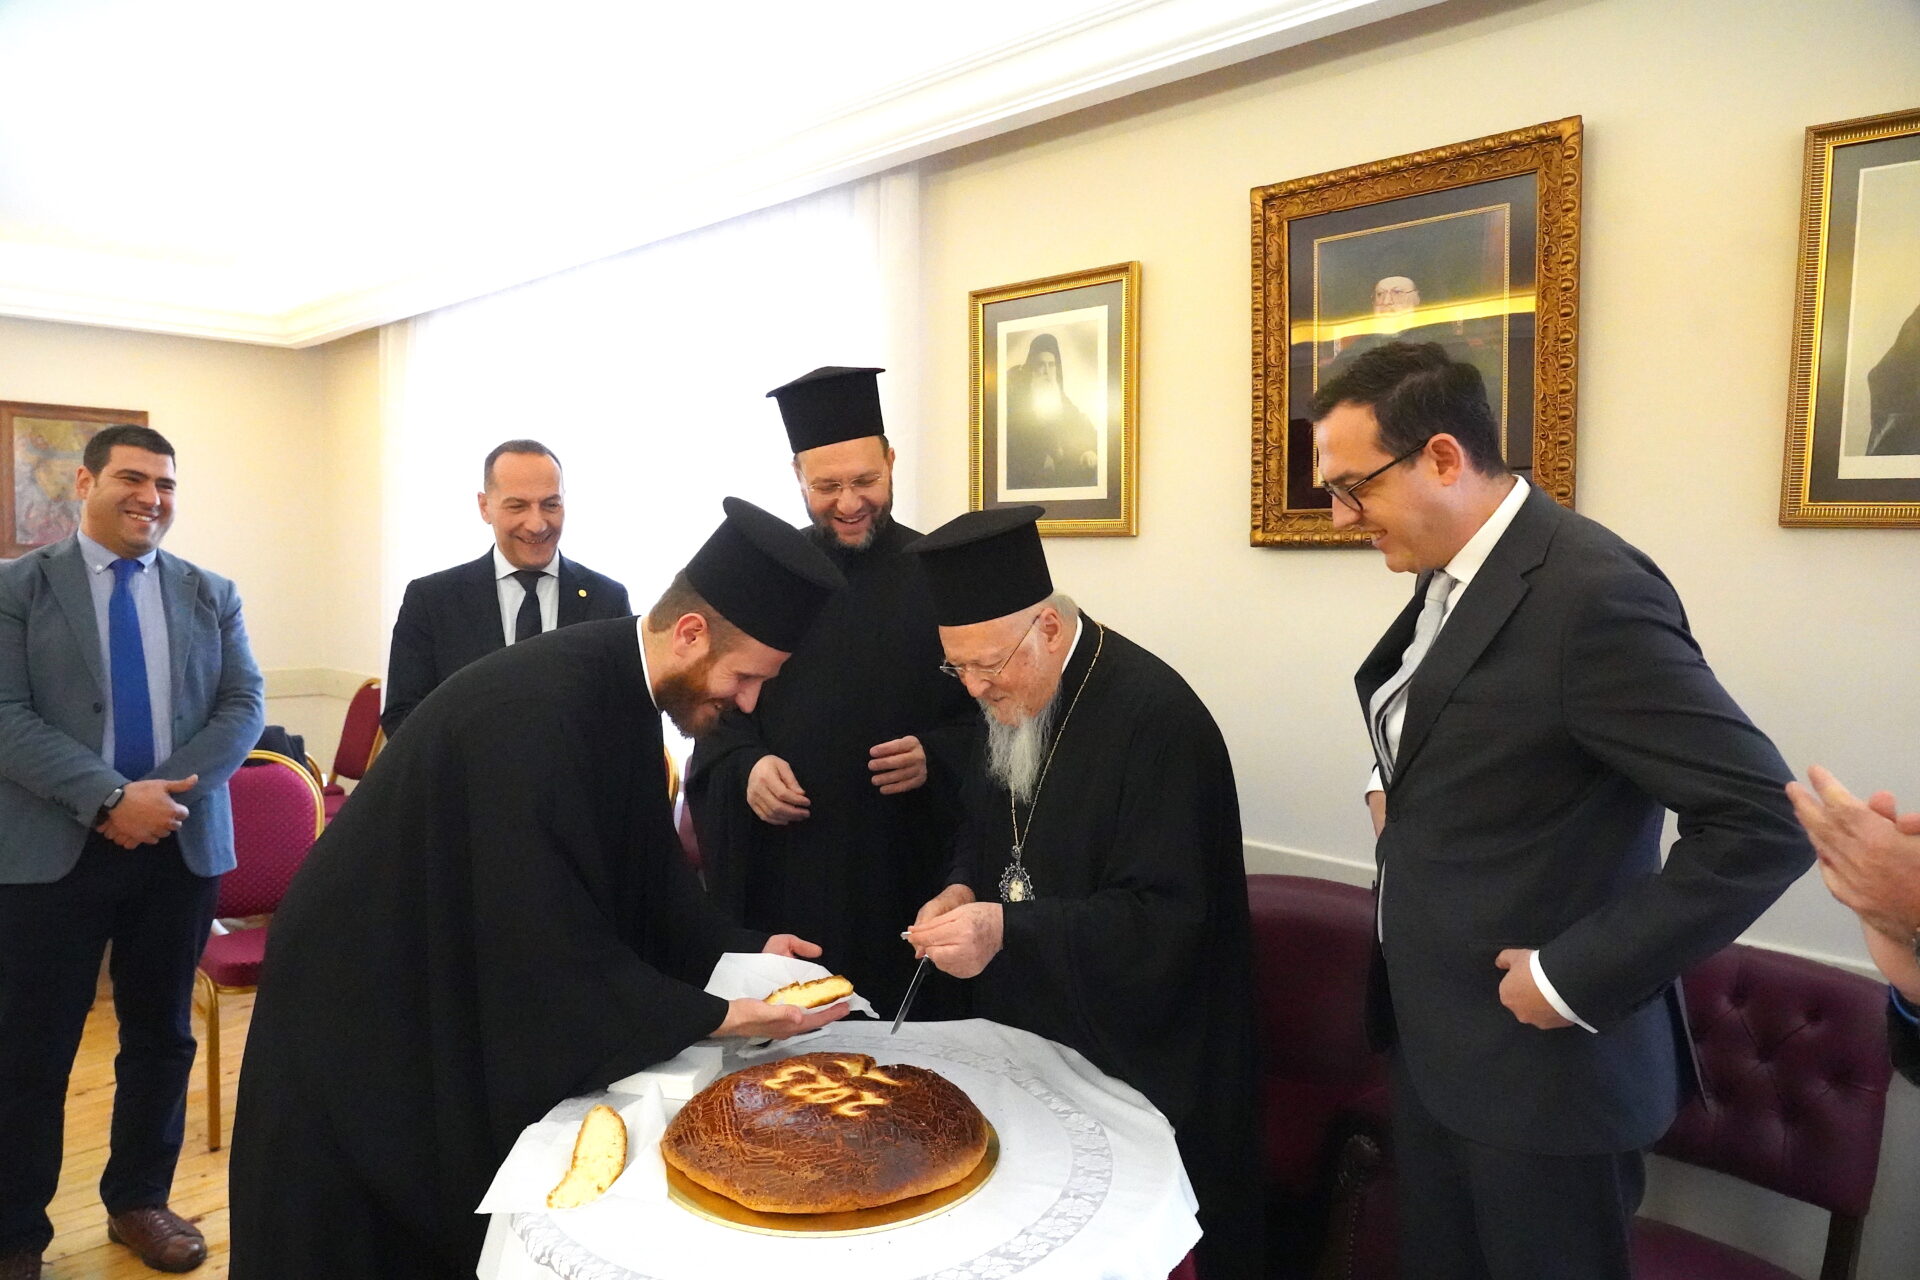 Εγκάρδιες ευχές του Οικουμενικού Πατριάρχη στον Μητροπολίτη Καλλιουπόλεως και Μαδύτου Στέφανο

=======

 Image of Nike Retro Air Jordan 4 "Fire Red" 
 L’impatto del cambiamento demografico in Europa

=======

[PROBLEM DESCRIPTION]
Transcribe each line of the data above, unaltered, from the one where "Image of Nike" appears to the one where "L’impatto del cambiamento" appears, inclusive of both.

[ANSWER FOR THIS EXERCISE]
 Image of Nike Retro Air Jordan 4 "Fire Red" 
 L’impatto del cambiamento demografico in Europa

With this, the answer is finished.